BEIJING U.S. Secretary of State Hillary Clinton left Beijing on Saturday after a tense week of negotiations with China over the fate of blind rights activist Chen Guangcheng, who plans to travel to the United States under a deal to end the standoff.
Despite some speculation that Chen might fly out on the same plane as Clinton, the 40-year-old activist remained in the Beijing hospital he went to on Wednesday from the U.S. embassy, where he had taken refuge after a dramatic escape from 19 months under house arrest in his home village.
In a sign the dispute over the activist, which threatened to worsen difficult China-U.S. ties, might be easing, China indicated on Friday Chen would be allowed to go to the United States to study.
Later, in an interview with Radio Free Asia, Chen said he did not plan to leave his homeland for good.
"This isn't saying that when I leave it's a one-off and there's no coming back," Chen told the Washington-based news service.
"Nobody should think that I'm emigrating or anything like that. As they (the Chinese government) have recognized that I'm free, then I should also have the freedom to go where I want."
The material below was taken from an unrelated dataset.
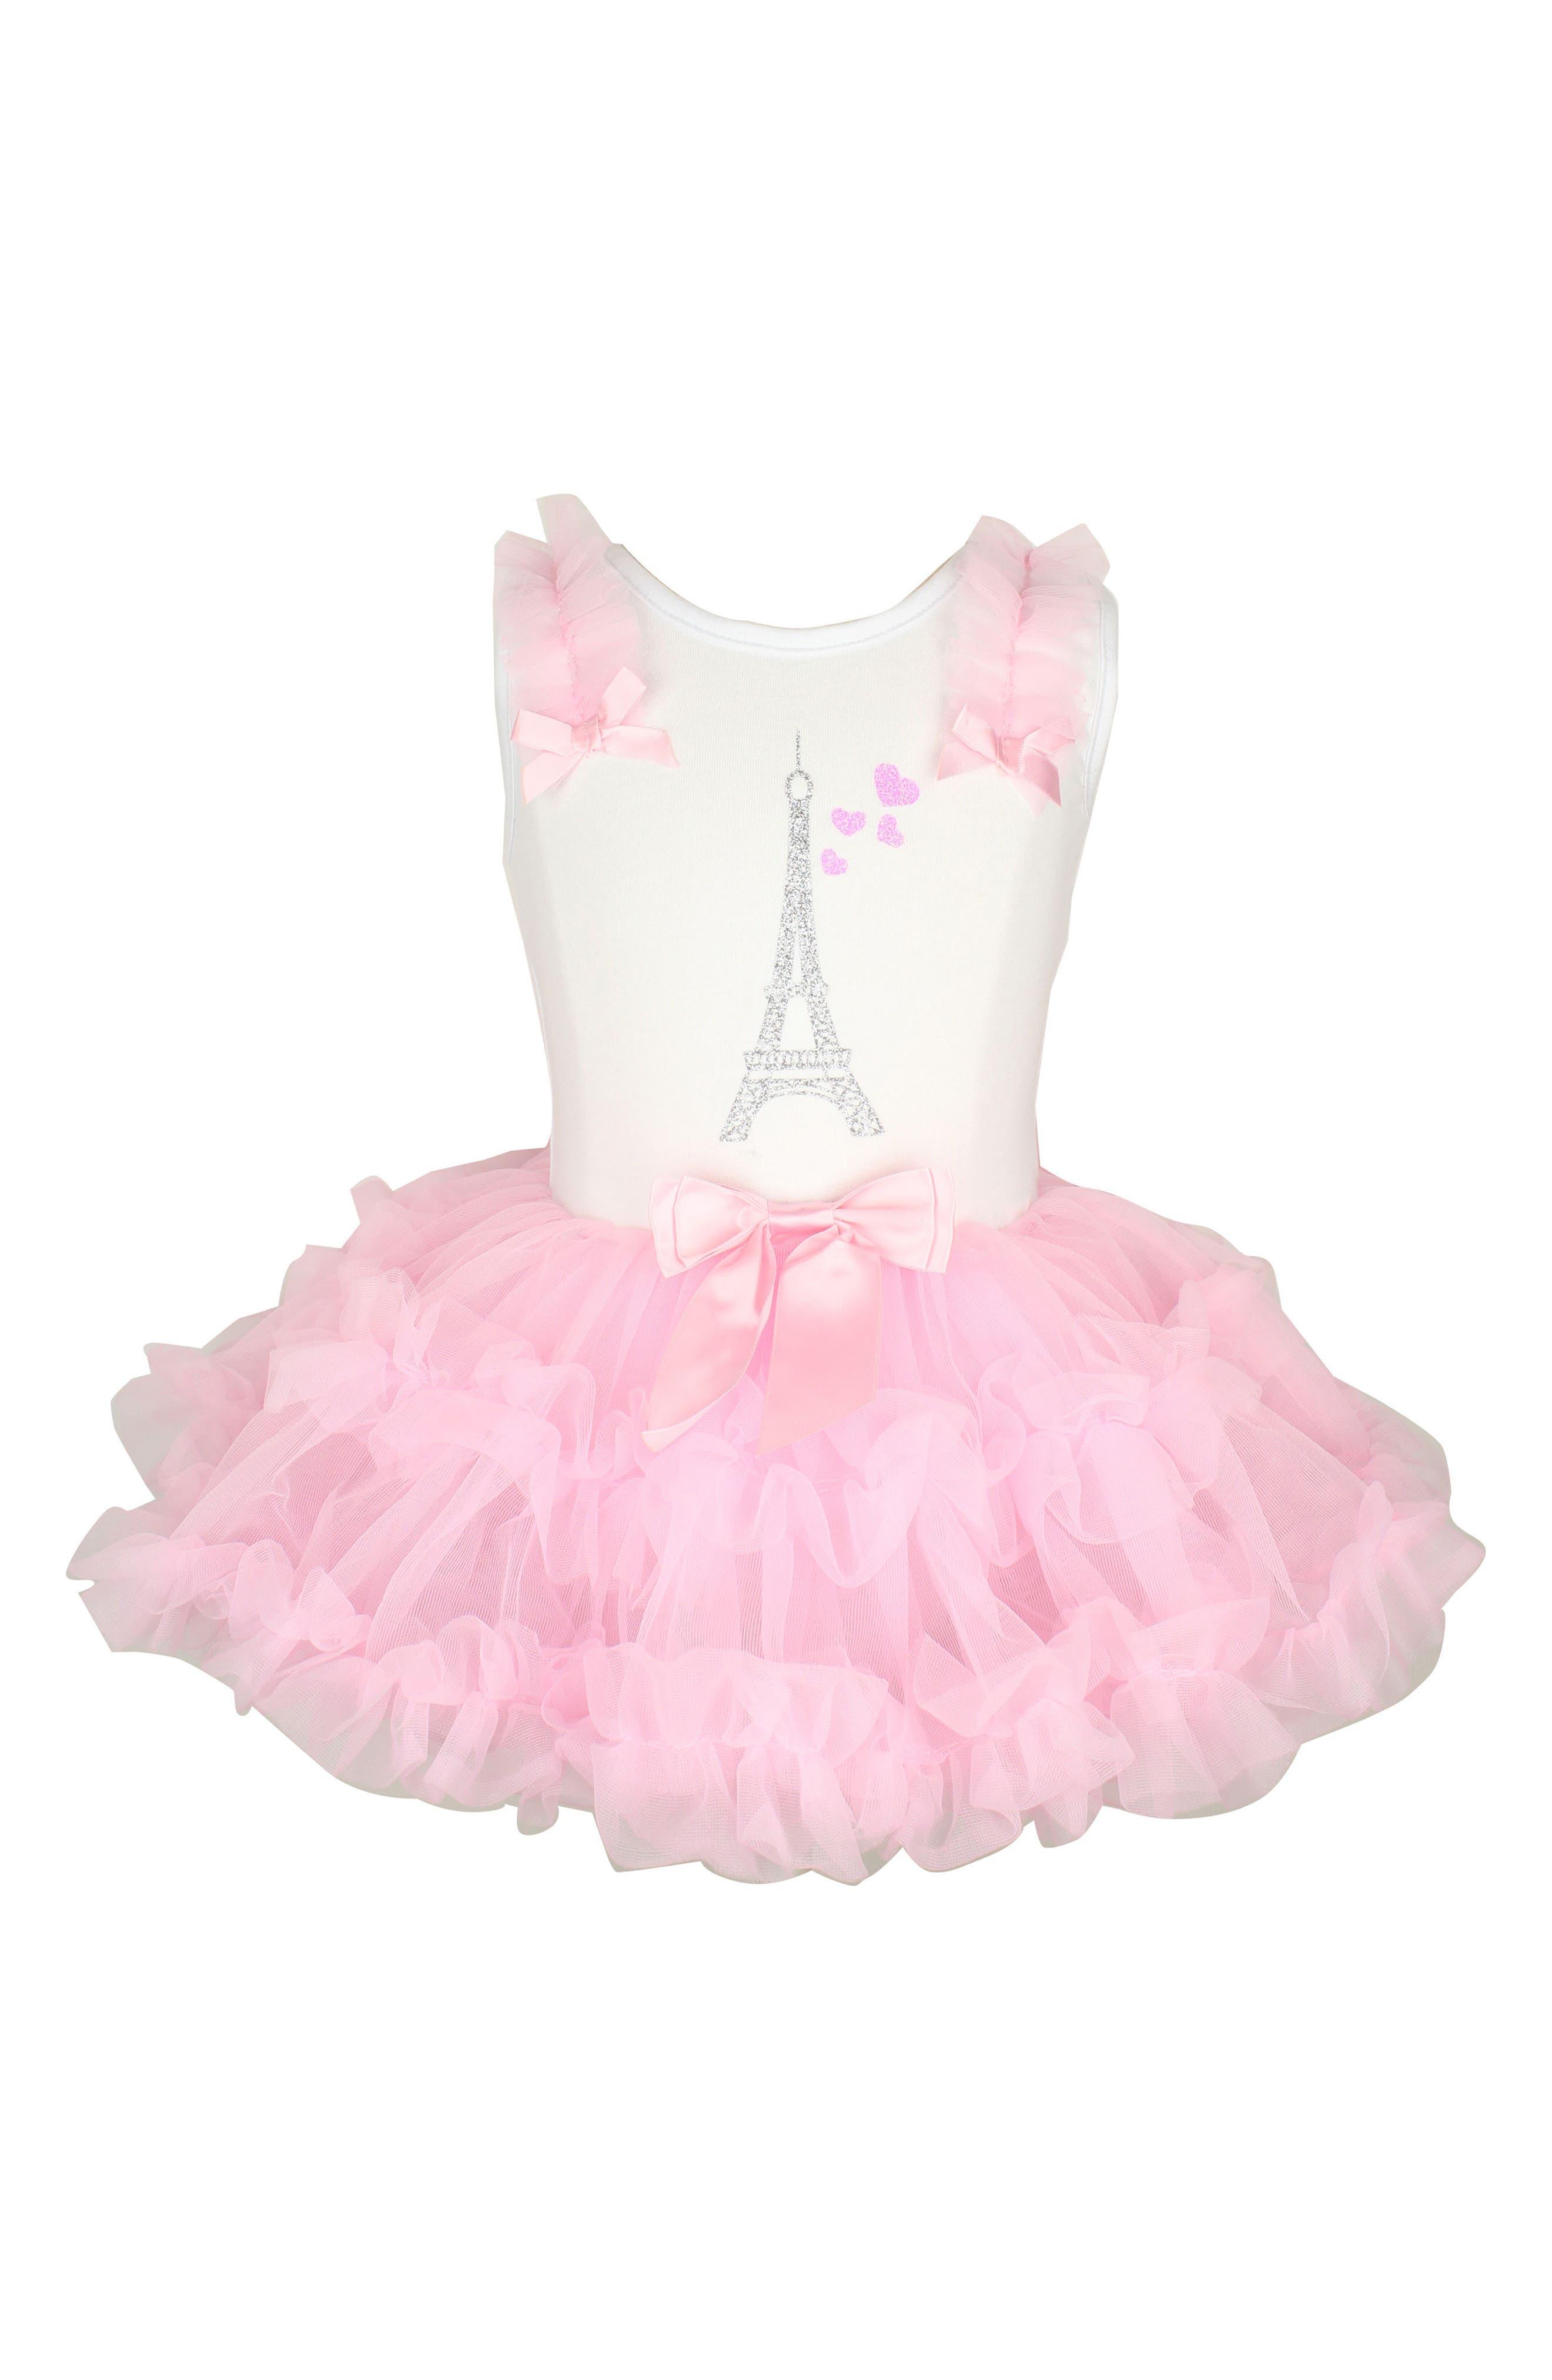 Eiffel Tower Tutu Dress,                             Main thumbnail 1, color,                             Pink

It is not clear how soon and how smoothly Chen will pass through China's procedures that would allow him to travel, and even with Washington cautiously welcoming the proposed deal, some of his supporters said they remained under house arrest or under heavy police watch.
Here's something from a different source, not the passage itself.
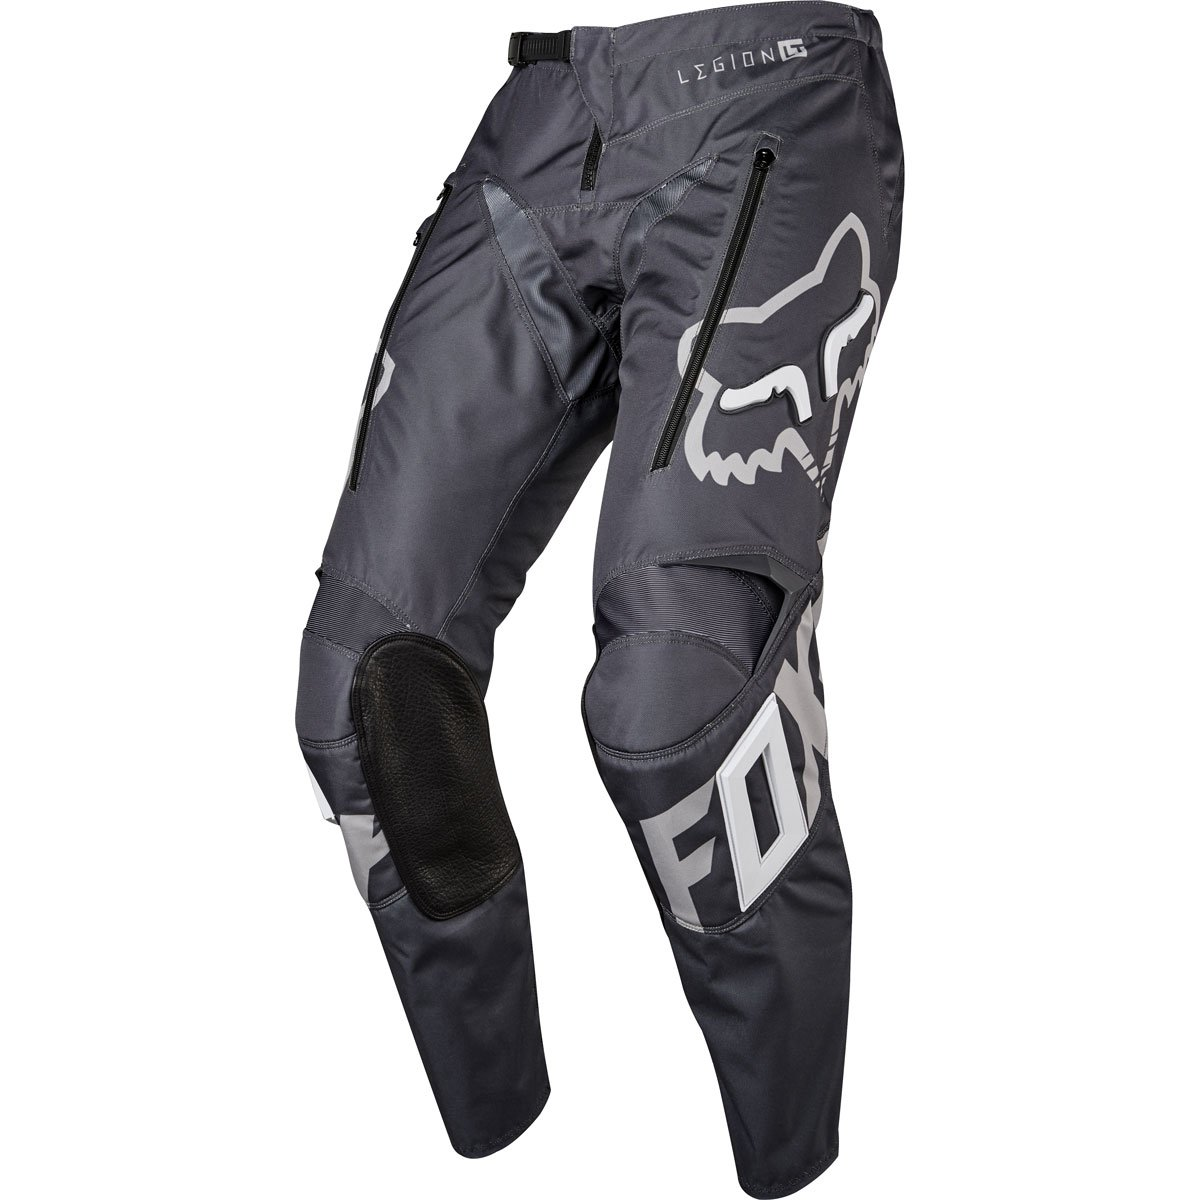 2018 Fox Racing Legion LT Offroad Pants-Charcoal-28
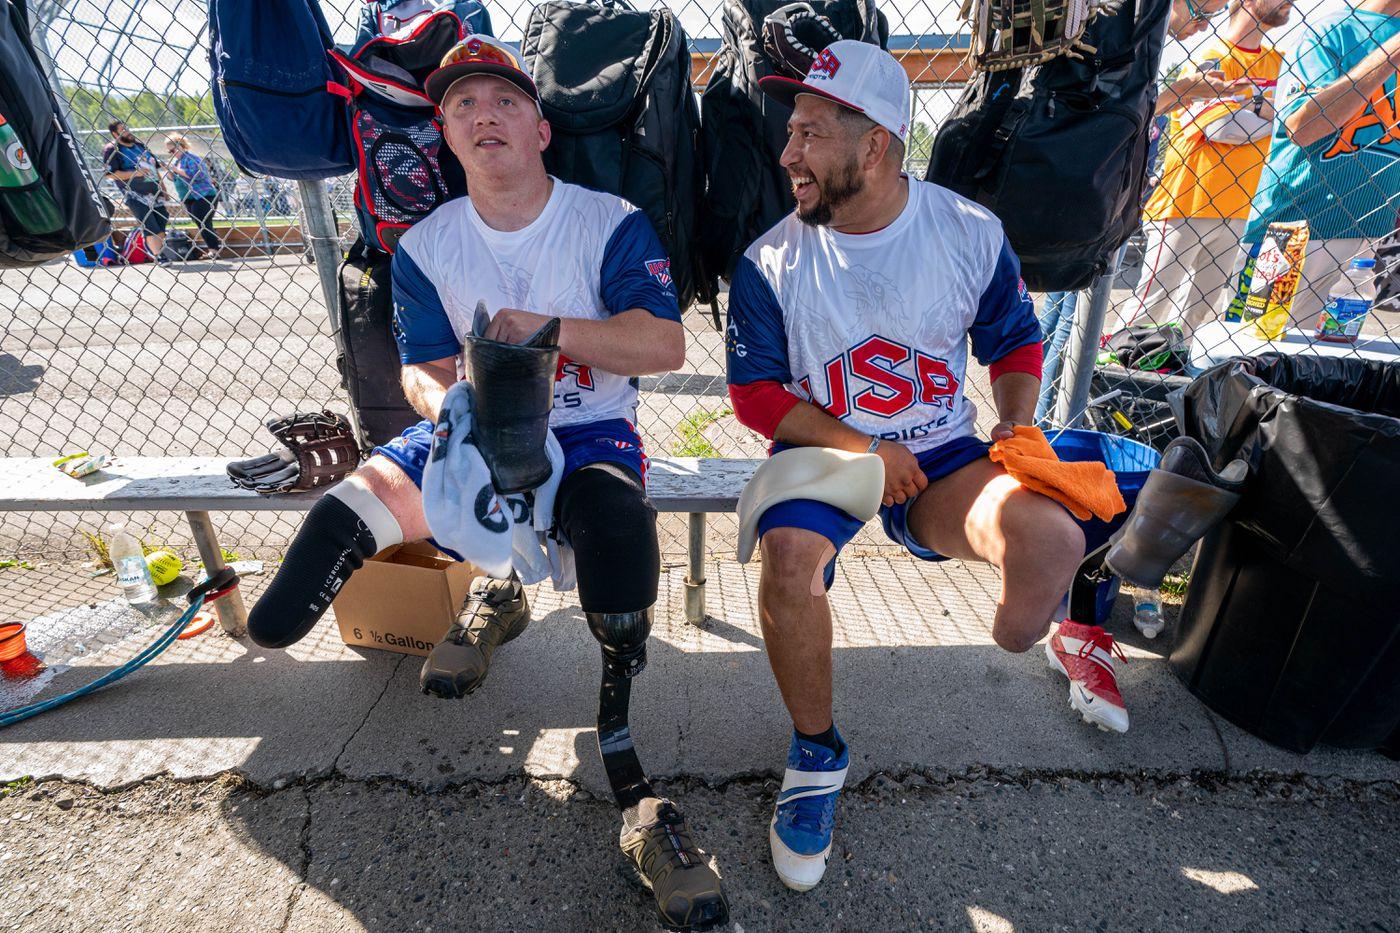 Josh Wege, left, and Saul Monroy adjust their prosthetics during a game. (Loren Holmes / ADN)

Human rights lawyer Jiang Tianyong said both his ears were injured, and his left eardrum seemed to have ruptured, after police officers beat him about the head after he went to the Chaoyang Hospital in a bid to visit Chen.
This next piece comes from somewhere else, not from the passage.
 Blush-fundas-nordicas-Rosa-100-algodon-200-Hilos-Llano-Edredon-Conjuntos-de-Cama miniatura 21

"The worrying problem is that I haven't been allowed out of my home to see a doctor and check how serious this is," Jiang told Reuters by telephone from his home. "The state security police have told me to wait while they ask if I can go to a hospital, and there's been no answer."
The Chinese Foreign Ministry said on Friday that Chen could apply to study abroad followed his dramatic appeal to a U.S. congressional hearing on his case, when he asked to be allowed to spend time in the United States after escaping extra-judicial captivity in his home village and hiding in the U.S. embassy in Beijing for six days.
Chen left the embassy under a deal that foresaw him staying in China to study at a university. But Chen, beset by worries about the safety of his family and his own tenuous freedom, then changed his mind and said he wanted to go to the United States.
Clinton, who was in Beijing for strategic and economic talks, said the U.S. ambassador to Beijing, Gary Locke, had spoken to Chen on Friday and had confirmed that Chen planned to go to the United States.
Chen had complained that after he entered the Beijing hospital, U.S. officials were not allowed to meet him.
U.S. officials have said they now expect American diplomats and doctors to have regular access to Chen, who won fame by campaigning against forced abortions under China's "one-child" policy and other abuses experienced by rural residents.
Any more ructions with China over Chen could embolden American critics of the Obama administration's China policies. They already seized on Chen's pleas for safety and criticism of U.S. diplomats, which he later retracted as the result of misunderstandings.
"U.S. officials made a mistake by escorting Chen away from the safety of the U.S. embassy and into an uncertain fate," said Ileana Ros-Lehtinen, the Republican chairman of the House of Representatives' Foreign Affairs Committee, in an emailed comment. "We cannot assume that this saga has been resolved."
The lawyer Jiang, who campaigned for Chen's freedom, said Chen was right to leave with his family, but his departure would nonetheless be a victory for "hardliners" in the government.
"This has been a victory for the law-breakers, because Chen Guangcheng and his family saw how the agreement that would have allowed him to stay wasn't going to be honored. They avoided facing that test," said Jiang. "This is ultimately a set-back for rule of law."
In 2006, Chen was sentenced to more than four years in jail on charges, vehemently denied by his wife and lawyers, that he whipped up a crowd that disrupted traffic and damaged property.
He was formally released in 2010 but remained under stifling house arrest in his home Dongshigu Village, which officials turned into a virtual fortress of walls, security equipment and aggressive guards in plain clothes.